Lo spirito di indipendenza, la forte personalità, la volontà e la capacità di creare qualcosa di proprio, fanno sì che, con un prestito concesso da parenti, riesca ad aprire una piccola officina, iniziando a lavorare in proprio, anche per conto delle Ferrovie dello Stato.

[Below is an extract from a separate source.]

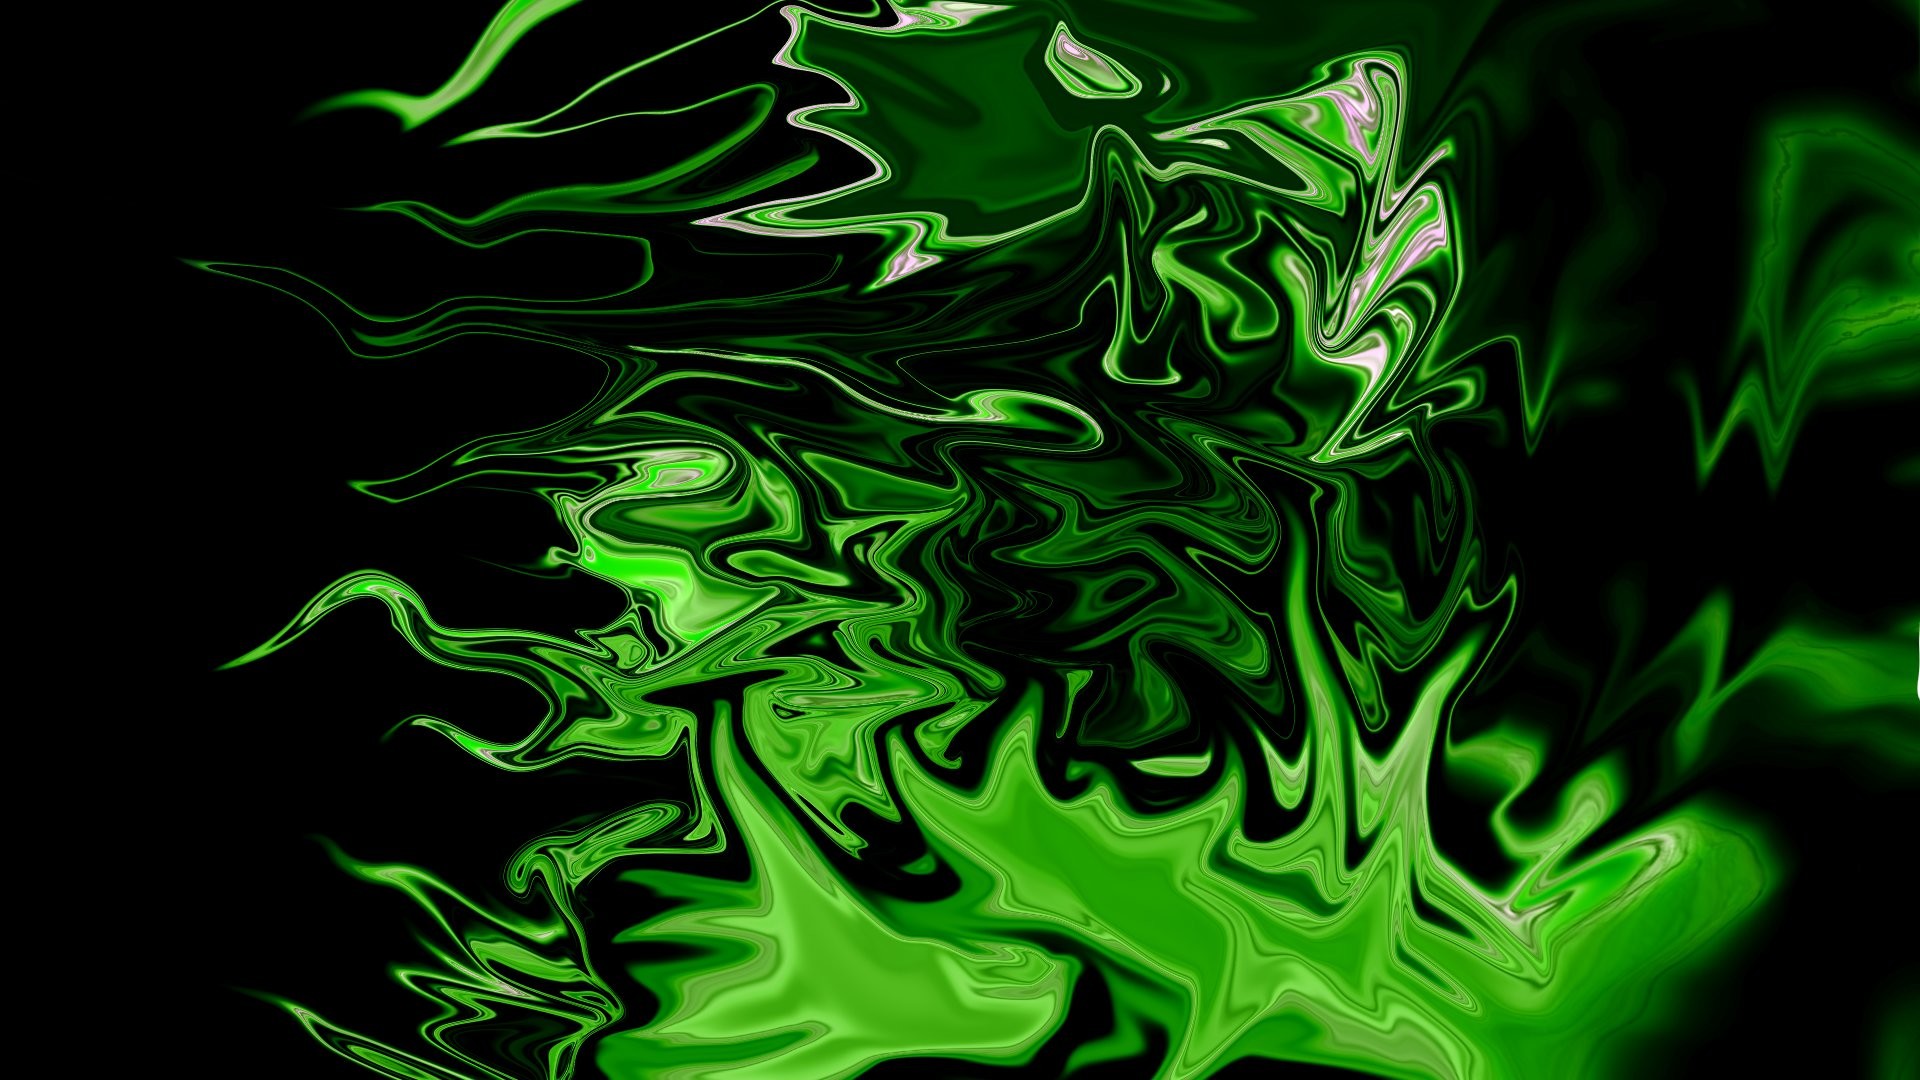 1920x1080 Black and Green Abstract Wallpaper Desktop HD Wallpaper Site Black And Green  Wallpaper Wallpapers)

Un giorno, un certo signor Galletti gli chiese di costruire per lui delle macchine da caffè così detto “espresso”, denominate “Fiorenza”. Ne vennero costruite alcune decine, poi il Sig. Galletti cessò questa attività. A questo punto assieme a suo fratello Bruno, decise di iniziare la costruzione di macchine da caffè per proprio conto. Era il 1927 e nacque l’Officina “Fratelli Bambi”.

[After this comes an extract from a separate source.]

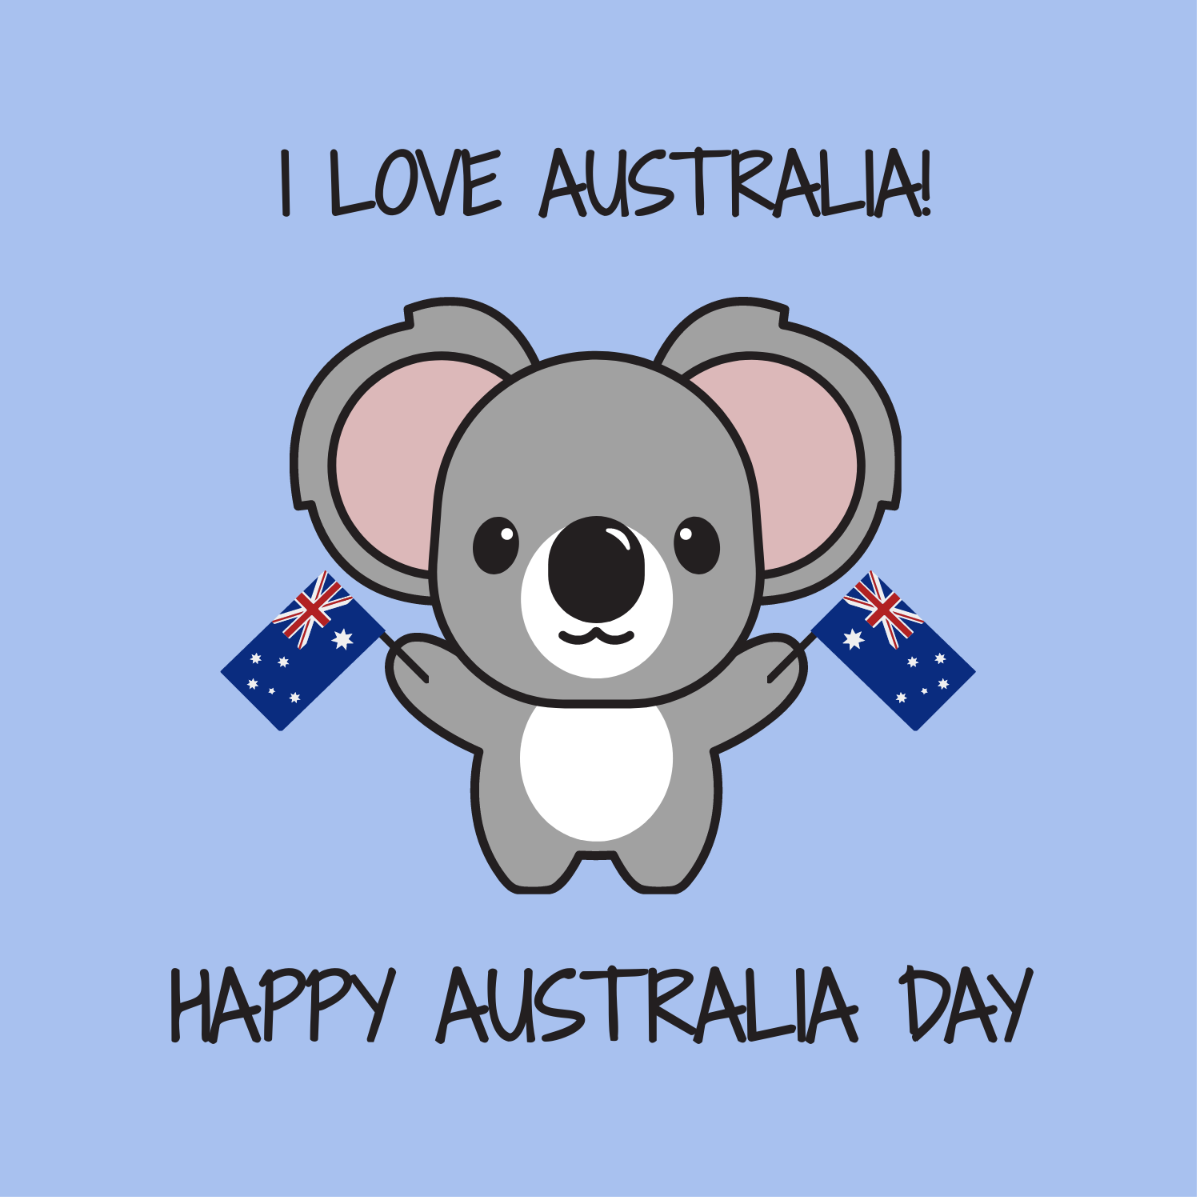 Australia Day Wishes Vector

All’interno di questa le prime macchine vennero interamente progettate, costruite pezzo per pezzo assemblate e quindi vendute. Era così difficile vendere una macchina che ogni vendita poteva essere considerata una vera e propria conquista e tanto più questa era difficile, tanto più dava gioia e soddisfazione a realizzarla. Per tale motivo Giuseppe Bambi per la sua ditta adottò il simbolo del “Marzocco”, un leone seduto con lo stemma dell’Iris di Firenze sinonimo di vittoria e conquista, e chiamò la sua ditta “La Marzocco”.

Firenze, fin dall’epoca romana, era stata consacrata al dio della guerra “Mars” (nome di Marte in lingua latina) che, per vezzeggiativo e storpiatura popolare, si trasformò in “Marzocco”. Con l’avvento della cristianità il ruolo della difesa della città, tradizionalmente attribuito a Marte, si trasferì sul simbolo araldico del leone, cioè la raffigurazione grafica della libertà repubblicana, pur mantenendo lo stesso nome “Marzocco”. Pertanto il Leone che con la zampa destra regge lo stemma di Firenze rappresentava il simbolo del potere popolare e fu adottato della Repubblica Fiorentina in antitesi al simbolo dell’Aquila che rappresentava il potere imperiale.